### [DATA SECTION]
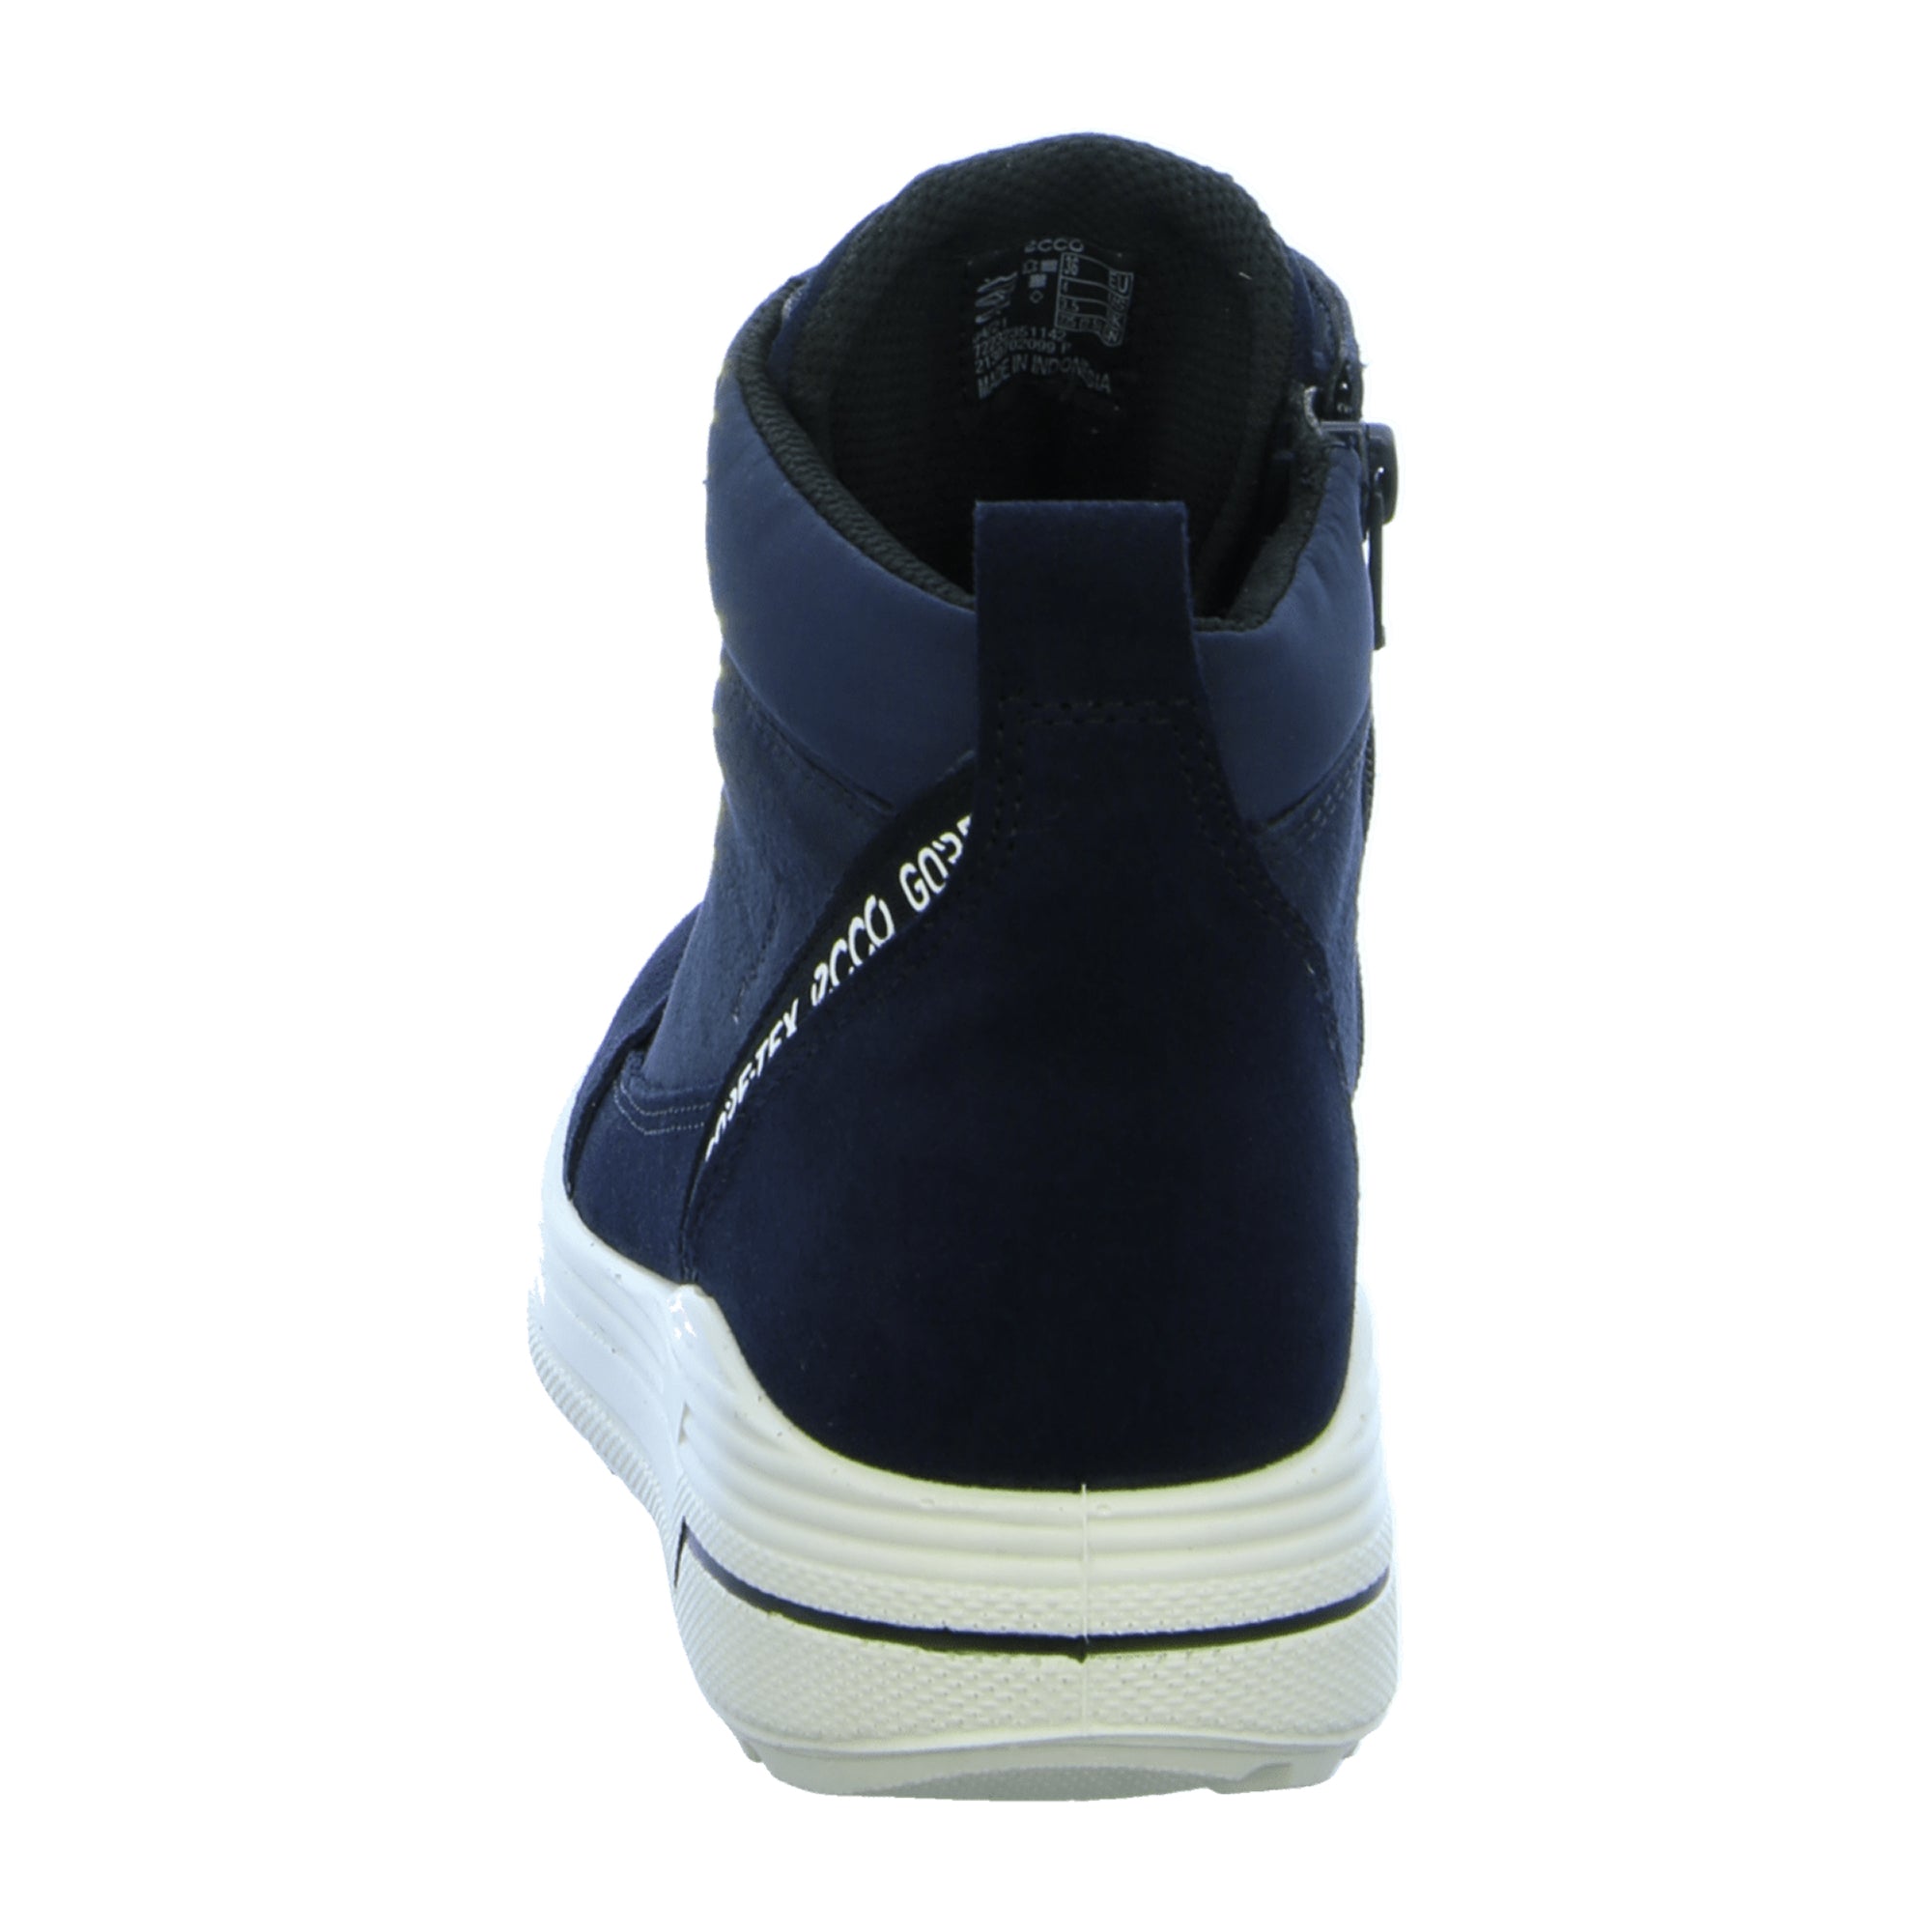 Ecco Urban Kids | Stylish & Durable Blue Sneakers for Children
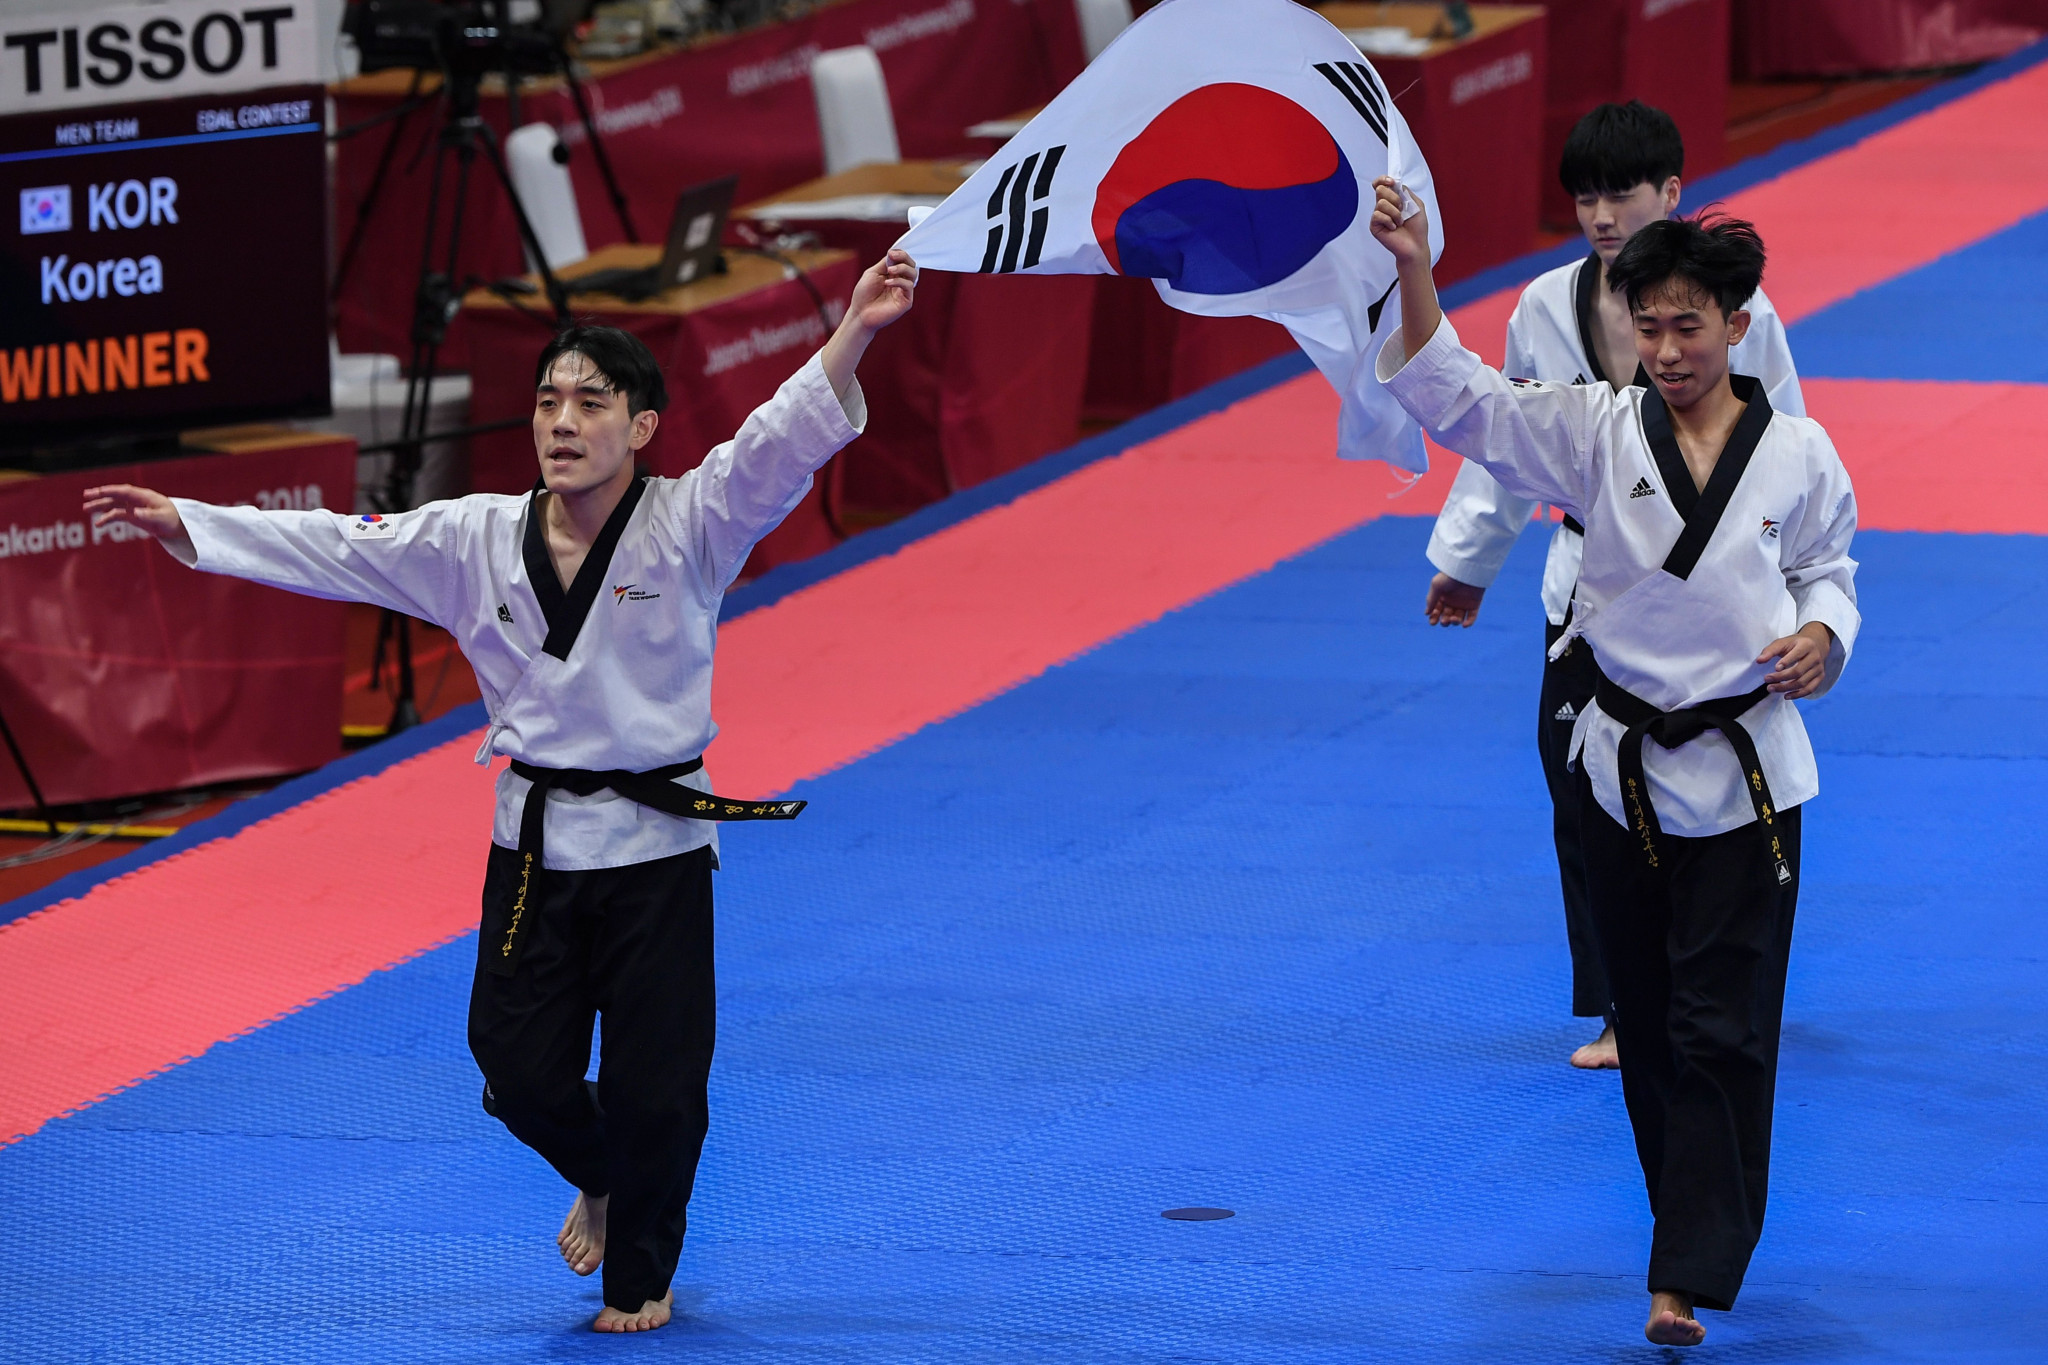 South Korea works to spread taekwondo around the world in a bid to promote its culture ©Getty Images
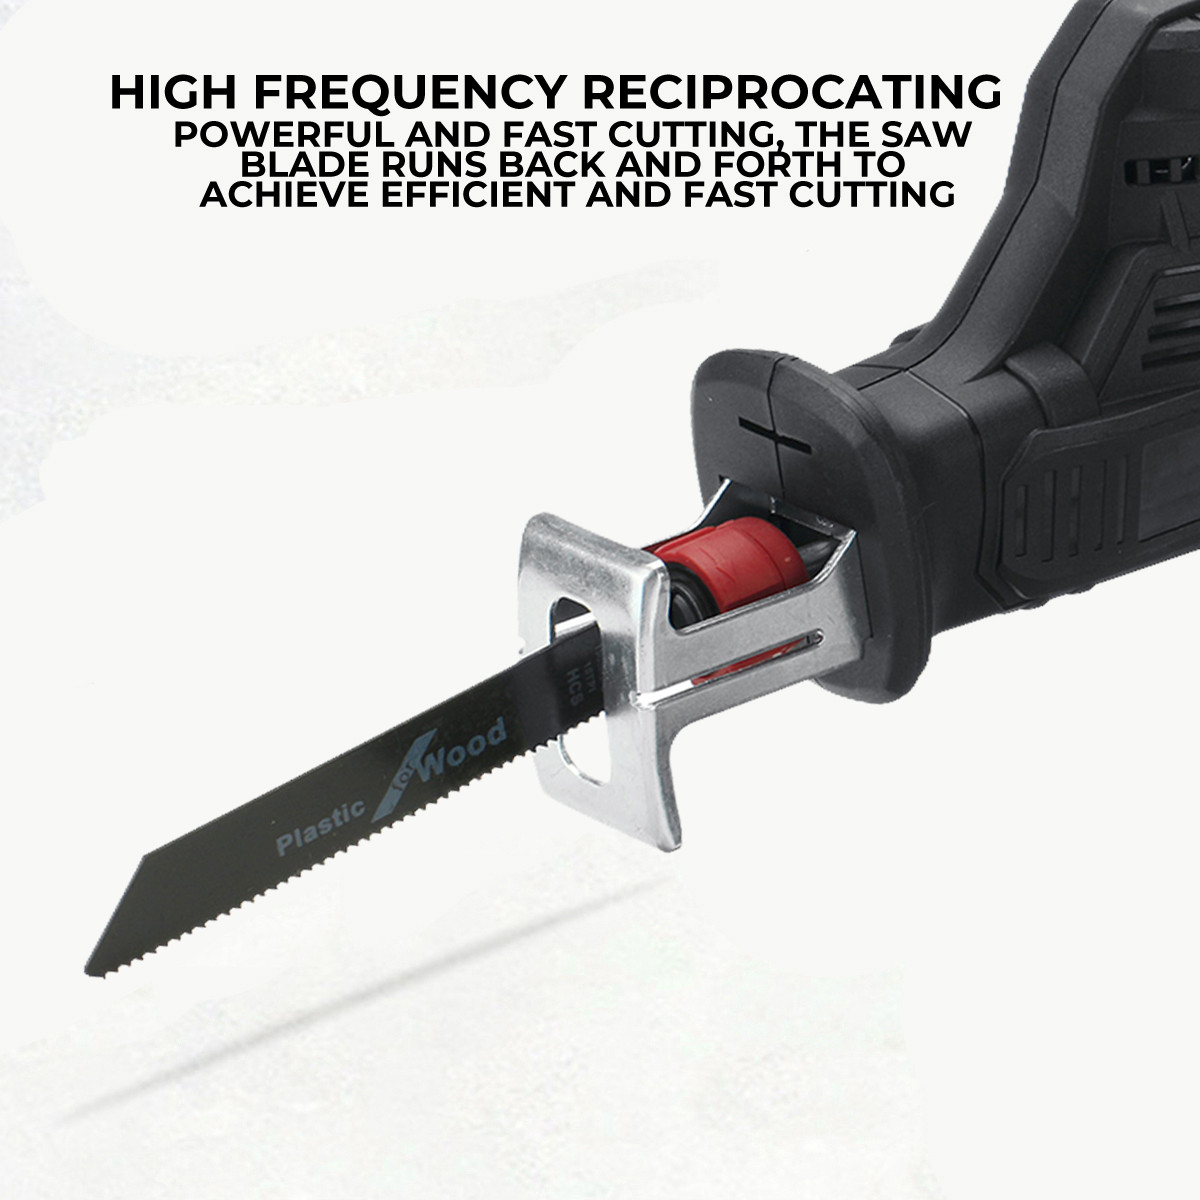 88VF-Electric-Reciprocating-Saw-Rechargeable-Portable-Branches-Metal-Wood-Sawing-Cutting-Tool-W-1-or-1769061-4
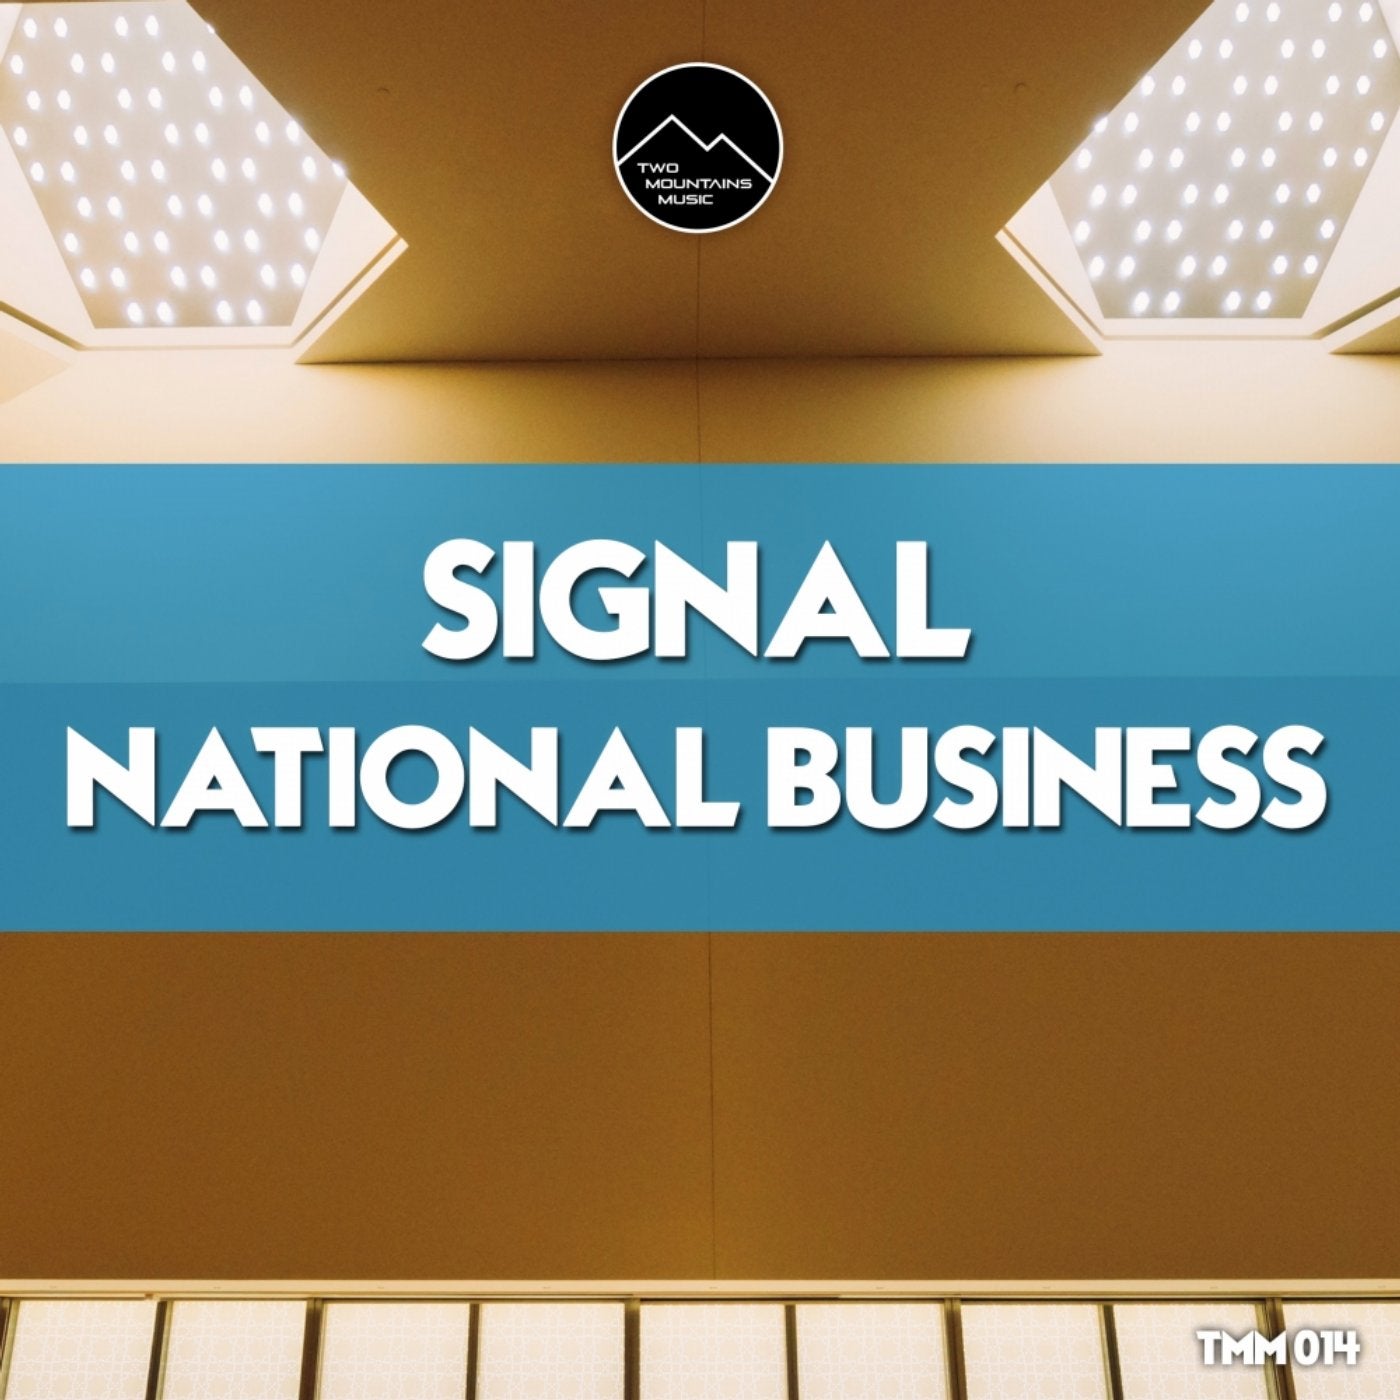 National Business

### [WHAT IS BEING ASKED]
Go through the listing above and write it out again exactly, dropping the pictures.

### [EXERCISE RESULT]
 Ecco Urban Kids | Stylish & Durable Blue Sneakers for Children
 South Korea works to spread taekwondo around the world in a bid to promote its culture ©Getty Images
 88VF-Electric-Reciprocating-Saw-Rechargeable-Portable-Branches-Metal-Wood-Sawing-Cutting-Tool-W-1-or-1769061-4
 National Business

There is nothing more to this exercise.